荒川で 11 月最後の 2 回の練習は秋ヶ瀬道路橋から船着場上流送電線までほぼレースと同じ距離を SR28
ノンストップ漕を行った。特に最後の練習では Yarra と同日開催の Head of the Ara パルテエイトク
ルーに並べてもらい非常に刺激になった。松根さんによるとそれまでとは違う強気なオールが引けてク
ルーとして自信になったことが本番で大きかった、恥ずかしながらその練習でクルーの特性をつかめた
部分があり、したがって 5 か月間のヘッドレース練習メニュー構成にはやや反省点があったとのことで
ある。

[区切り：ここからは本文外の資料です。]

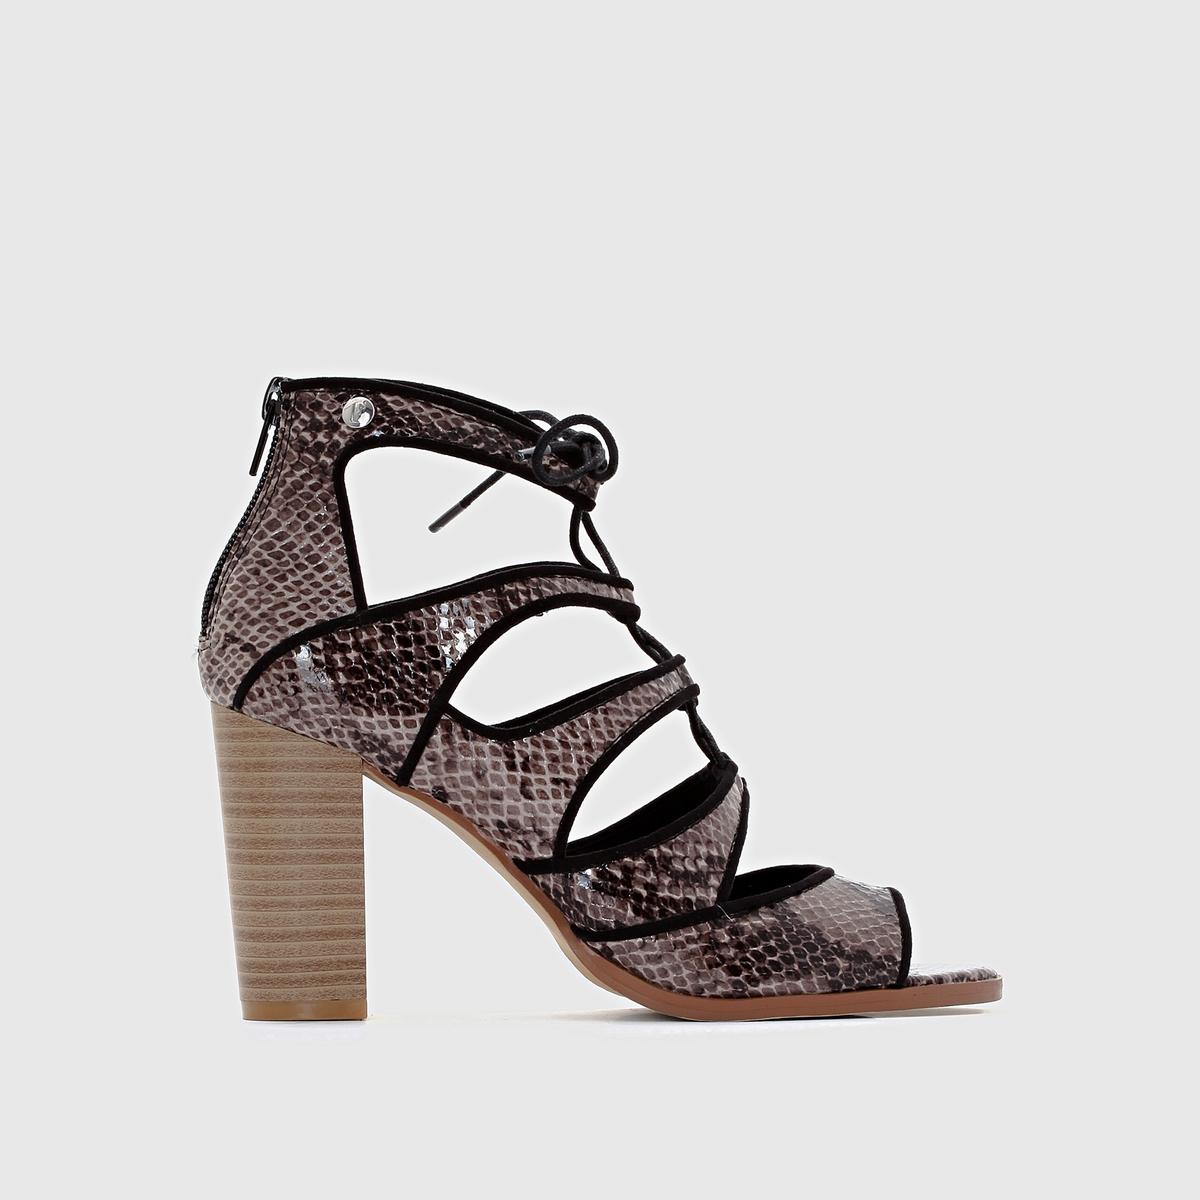 Босоножки на высоком каблуке ELLE elle trend2015 mochila

たしかにレートは低くていいから秋ヶ瀬道路橋-戸田橋上流送電線一発の練習をもっと早くから
やるべきであったという感はある。ただしこの練習は運が悪いと笹目橋下流の終盤部分でウェイクボー
ドのモーターボートと遭遇して大波をくらってヨレヨレになることがある(経験的に遭遇確率 5 割)。
幸いなことに上記の秋ヶ瀬一発漕はともにこれに出会わず漕ぎきることができた。
おわりに
以上、ボートのことを中心にまとめた。ボート以外のことで旅行での見分、考えたこととかいろいろある
のだが、それを書き出すと切りがないのでそれは宴席等での話題としたい。MCG についてはネイサンにい
ろいろ教えてもらって感謝します。MGC についてとか、オーストラリアにおけるクリケットもしくはオー
ジーフットボールの位置づけとか、なぜメルボルンでこんなにスポーツ施設が多いかについては彼の方
でいっぱい話したいことがあるようなので、それは彼に譲ることとしたい。